There is an ideal among programming language designers that a language should be readily expressed using a declarative notation such has Extended Backus-Naur Form. This form offers many advantages for language developments, as the declarative syntax is easily digested and supported by a variety of toolkits in varying forms. A good example of such a tool kit is SableCC which offers a powerful processing pipeline using a language very heavily based on EBNF and is capable of generating LALR(1) parsers for most context free grammars, or Bison, another popular parser generator tool kit. An important feature of these tools is that they employ a parsing pipeline with distinct stages for lexing and parsing. This allows the generated automata to be much smaller, as each stage of the pipeline has a relatively simple problem to solve: the lexer is responsible only for breaking the text into tokens, while the parser must only create the abstract syntax tree from a limited set of symbols rather than every possible combination of letters in the alphabet. As such two relatively simple finite state automata can work in tandem to produce a powerful parsing pipeline, where either a horrendously complicated automata, or hand-coded parser would be required in order to do the processing in one step.

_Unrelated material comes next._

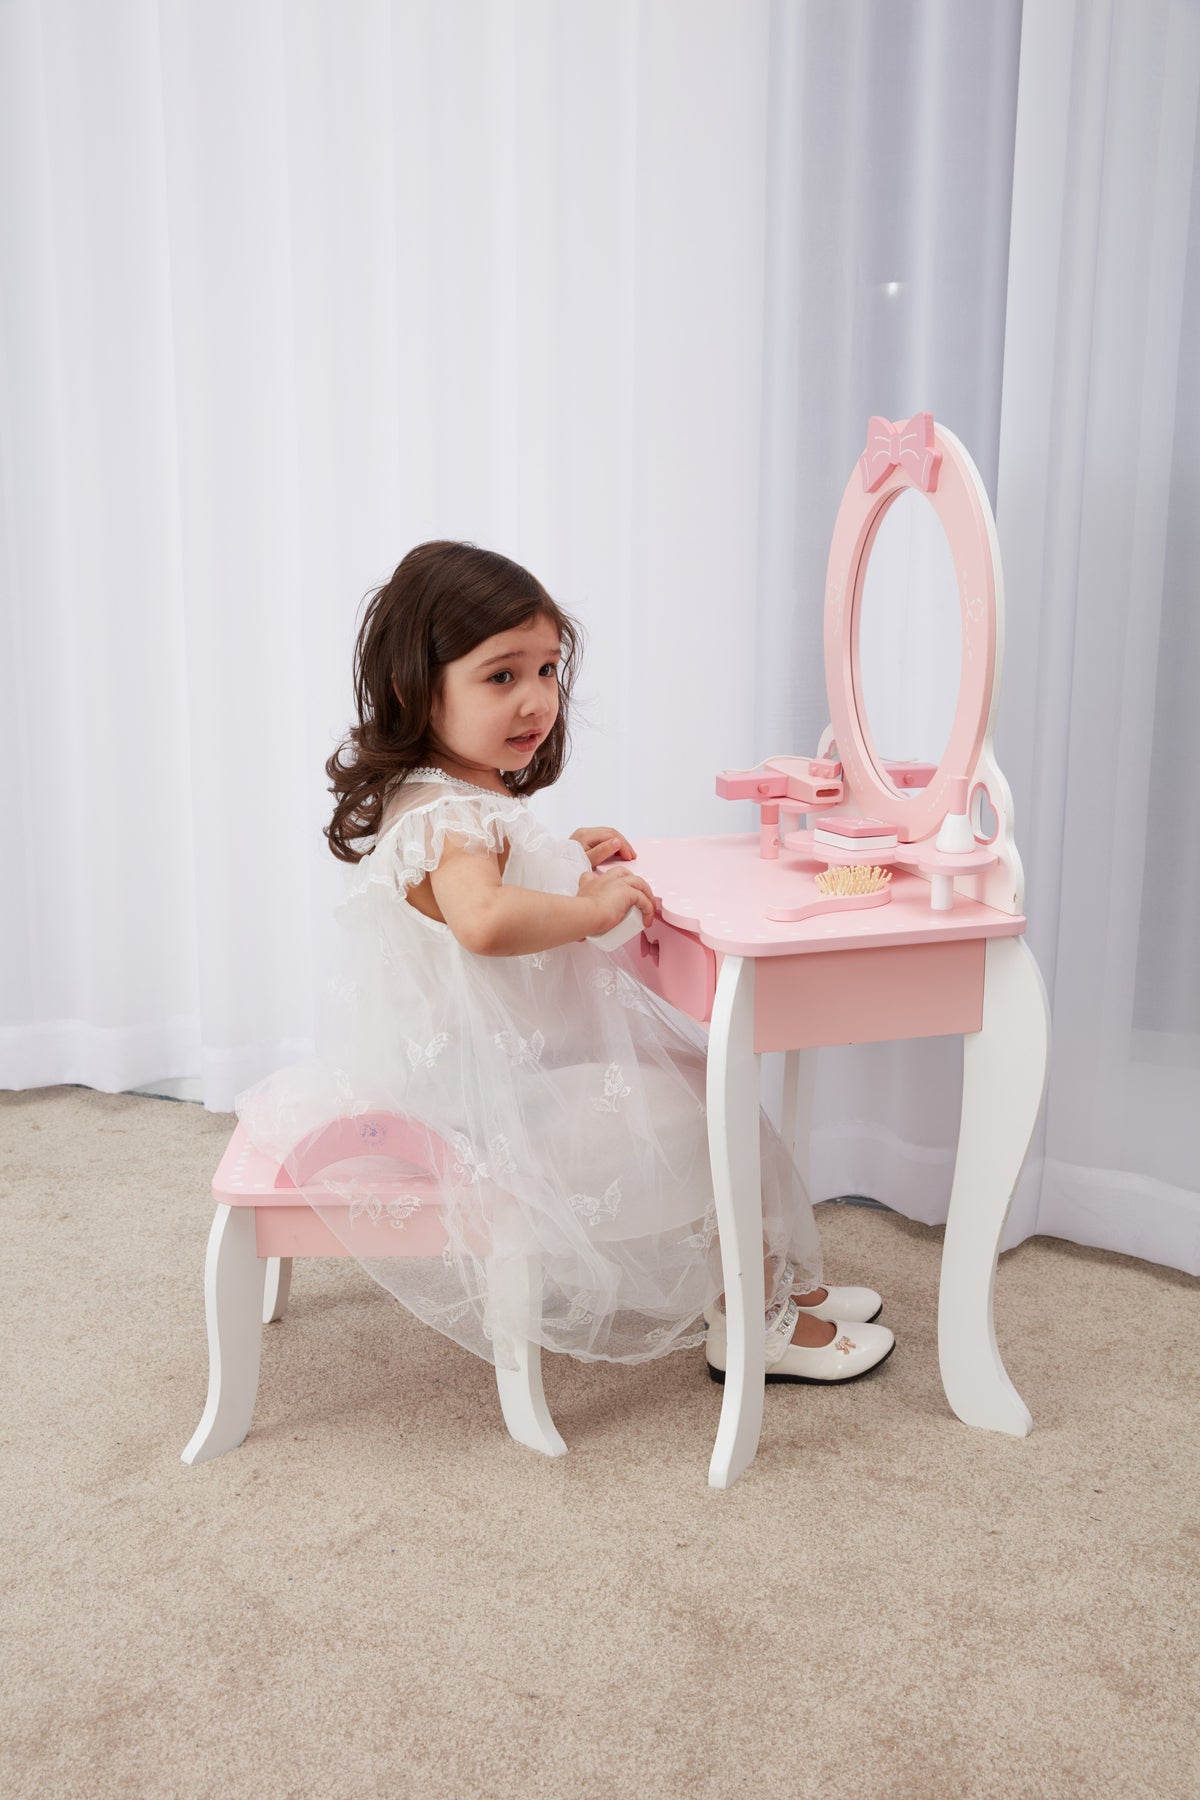 FN - Wooden Simulation Furniture (Princess Dressing Table) product image model

The Dual-DFA LALR pipeline

This pipeline divides the parsing problem into two distinct steps, lexing and parsing each handled by their own Deterministic Finite-state Automaton (DFA). Lexing is concerned with the tokenisation of the input text stream (or array of characters) into a stream of tokens, such as FUNCTION, myVariableName or "my string". Parsing then uses these tokens as its atomic units to construct the abstract syntax tree. Both the lexing DFA (lexer) and parsing DFA (parser) must be able to produce a unique result for their given input stream which consumes the entire input, and also has no valid alternative.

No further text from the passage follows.